Le paradis et l’enfer sont au centre de la révélation coranique. Mahomet a visité les deux endroits. Le Coran conduit sur le droit chemin. Ceux le respectant seront récompensés dans l’au-delà. Le paradis est un jardin. Quatre fleuves y coulent. La nourriture est abondante. De jeunes femmes pures servent les heureux. L’enfer est un entonnoir géant s’enfonçant dans le sol. Le feu omniprésent brûle la peau des damnés qui ne boivent que de l’eau bouillante. Des vents pestilentiels empoisonnent l’atmosphère.

Au –IVe siècle, les premiers traités védiques parlent d’une vie après la mort. Dans les cycles des réincarnations, les existences s’enchainent. Le but ultime est d’échapper à cette spirale et d’atteindre la délivrance grâce à l’union des deux âmes, individuelle et universelle. Un être renait en un état supérieur ou inférieur selon son karma, c'est-à-dire, la somme des actes accomplis dans ses vies antérieures. Les réincarnations peuvent être entrecoupées par un séjour au paradis (svarga) ou en enfer (maraka).
Le paradis est la demeure des dieux et des sages. Il ne se passe guère d’événement dans ce luxueux jardin. Les textes n’y font pas souvent référence à l’inverse de l’enfer. Yama juge les défunts et les oriente vers des régions de l’enfer où ils subissent divers tourments selon leur karma. L’enfer sert à purifier son karma. Cette opération peut prendre entre dix et plusieurs milliers d’années. Une fois sa peine écoulée, l’âme se réincarne. La purification n’est jamais totale. La renaissance à la sortie de l’enfer ne se fait que sous une forme d’un animal impur, puis d’un animal pur, avant de redevenir un homme en partant des castes les plus inférieures. L’Homme doit accepter sa condition sociale, car elle est le résultat de ses vies antérieures.
Bouddha professe une nouvelle voie pour échapper à la réincarnation. Pour lui, la souffrance et le désir empêche la délivrance et non l’impureté. Ce discours est identique pour toutes les castes.

Dans les croyances africaines, il n’existe ni paradis, ni enfer. La mort, elle-même, n’existe pas. Les défunts continuent de vivre dans le monde des ancêtres, un monde parallèle à celui des humains. Ils sont liés à la nature qui renait perpétuellement. Ils demeurent au contact des vivants et servent d’intercesseur auprès de Dieu.
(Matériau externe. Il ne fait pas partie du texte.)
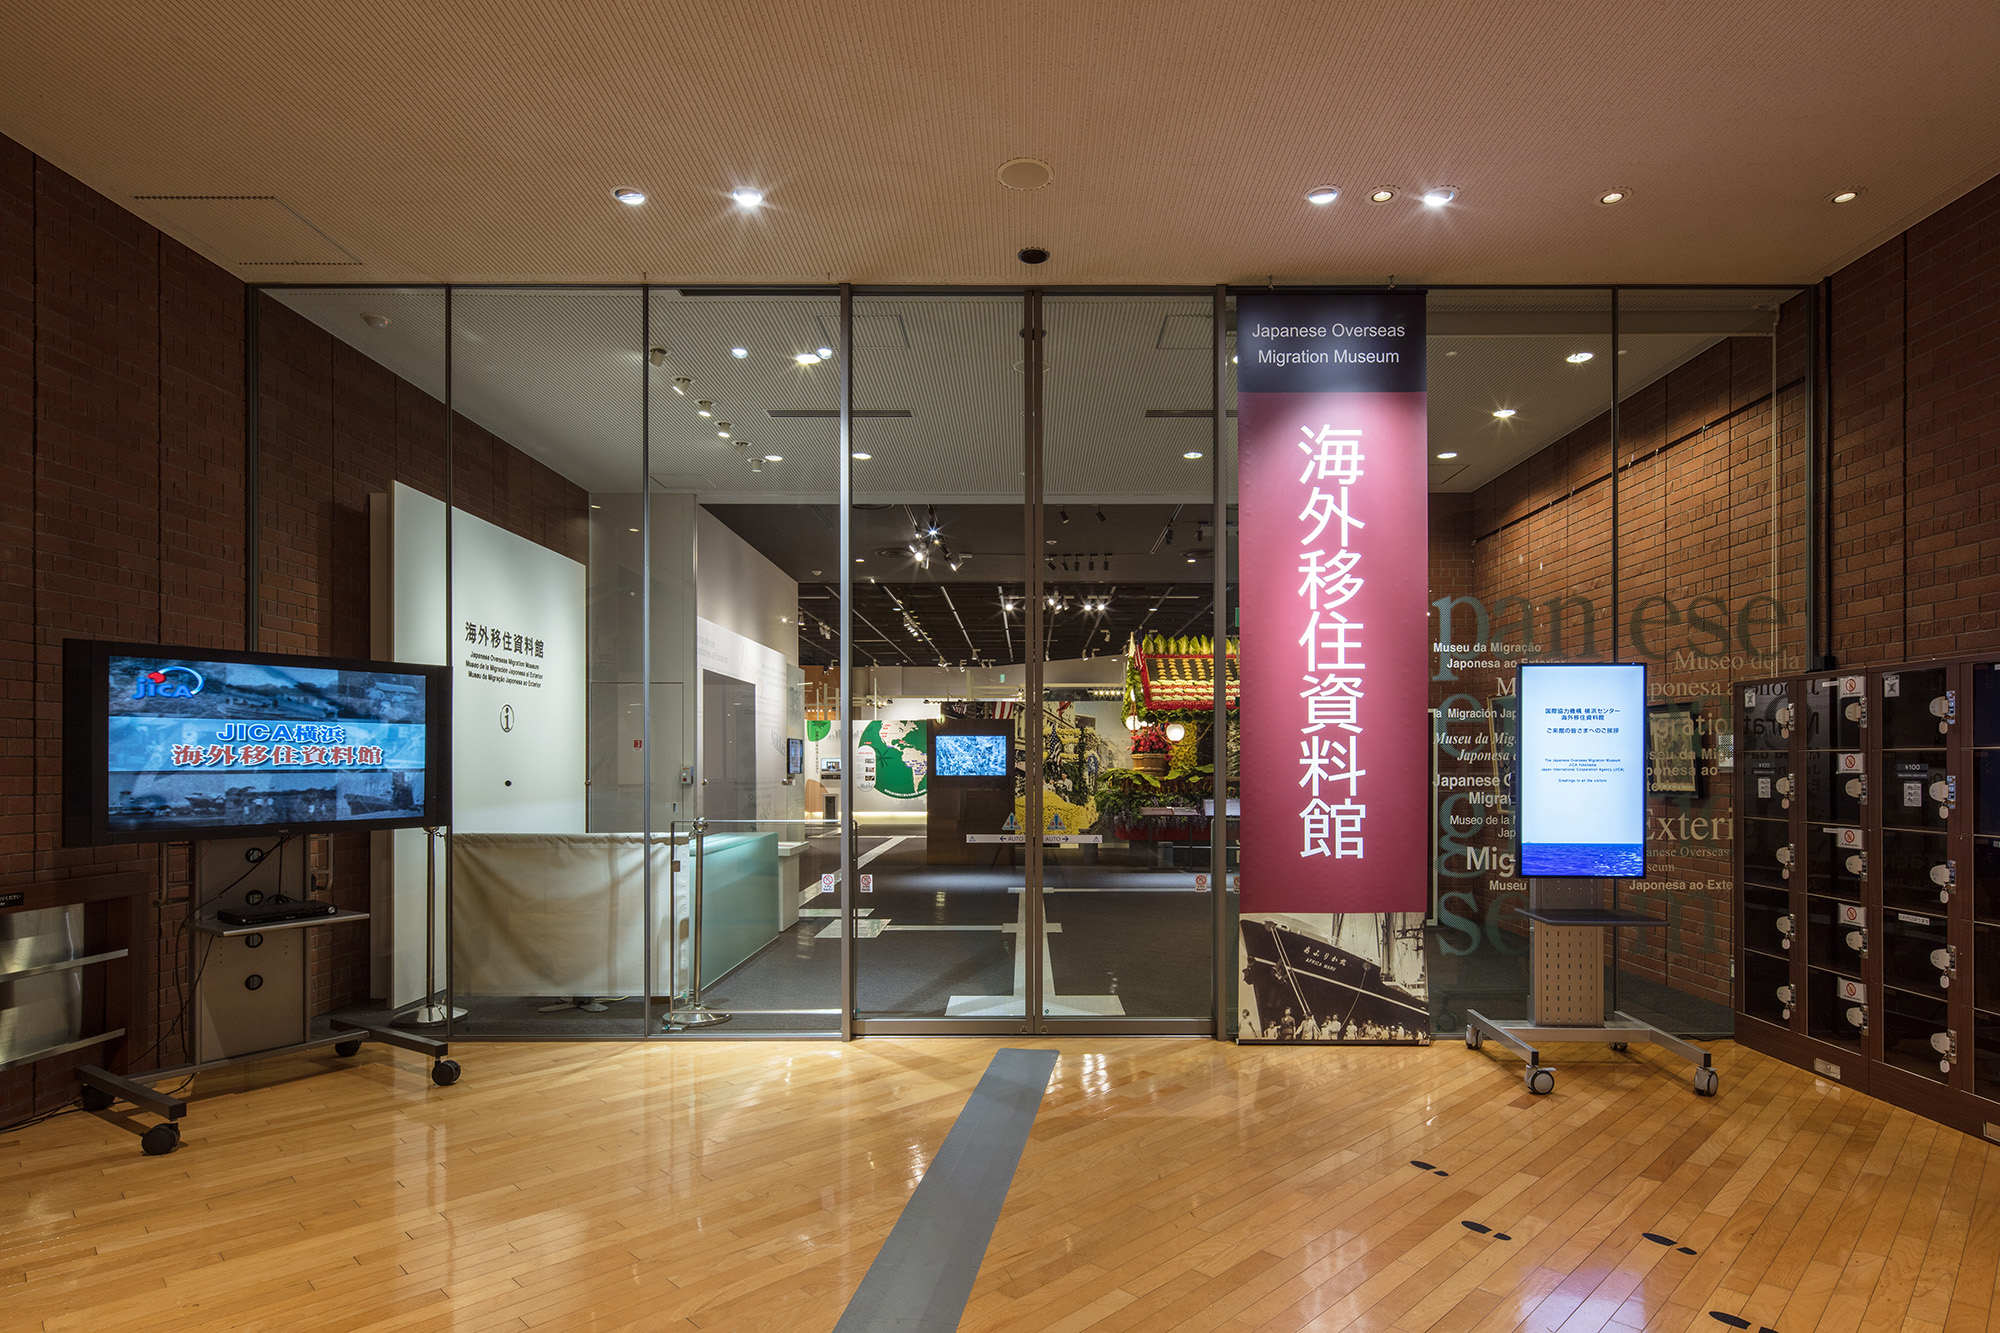 Musée japonais de la migration outre-mer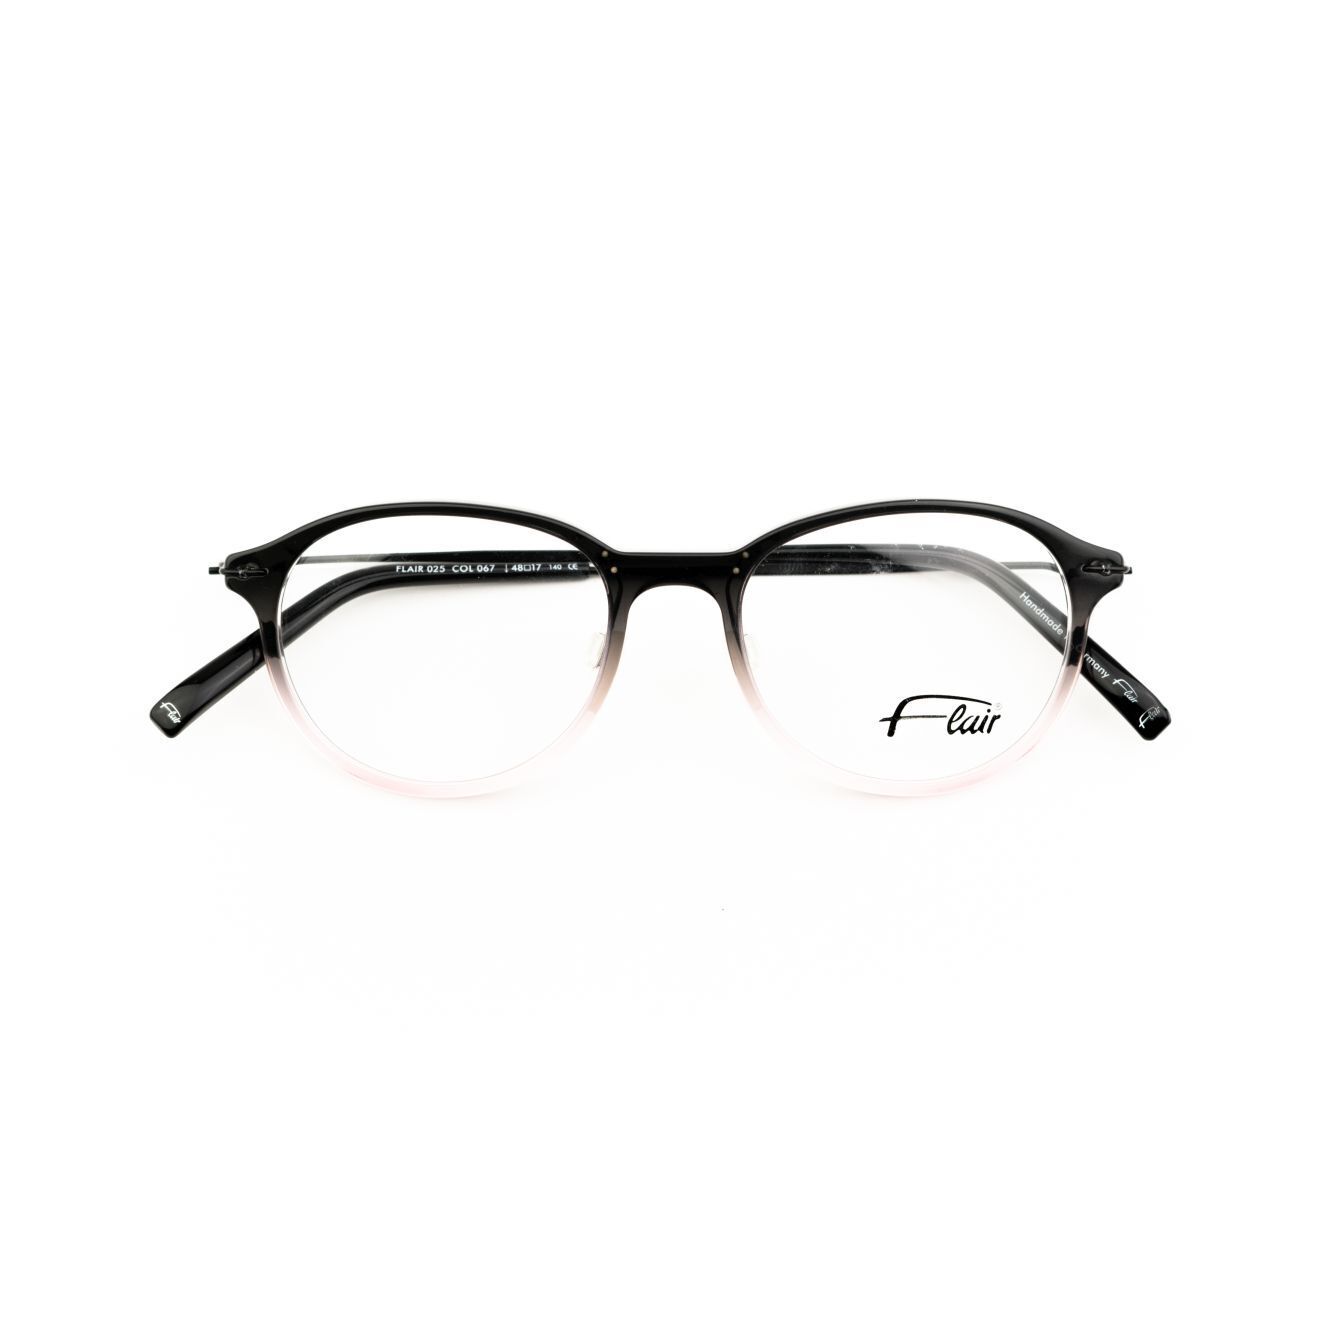 FLAIR 025 067 Fassung Brille Brillengestell Brillenfassun

Les personnes ayant mené de bonnes actions sur Terre et bien œuvré pour la collectivité sont récompensés par une mort douce à un âge avancé. Les morts violentes ne peuvent accéder au village des ancêtres. Ils errent et rejoignent l’armée des ombres qui sont des esprits dangereux.


Sources
Texte : « Paradis et enfer : l’invention de l’au-delà », Les Cahiers de Science et vie, n°139, aout 2013, 106p.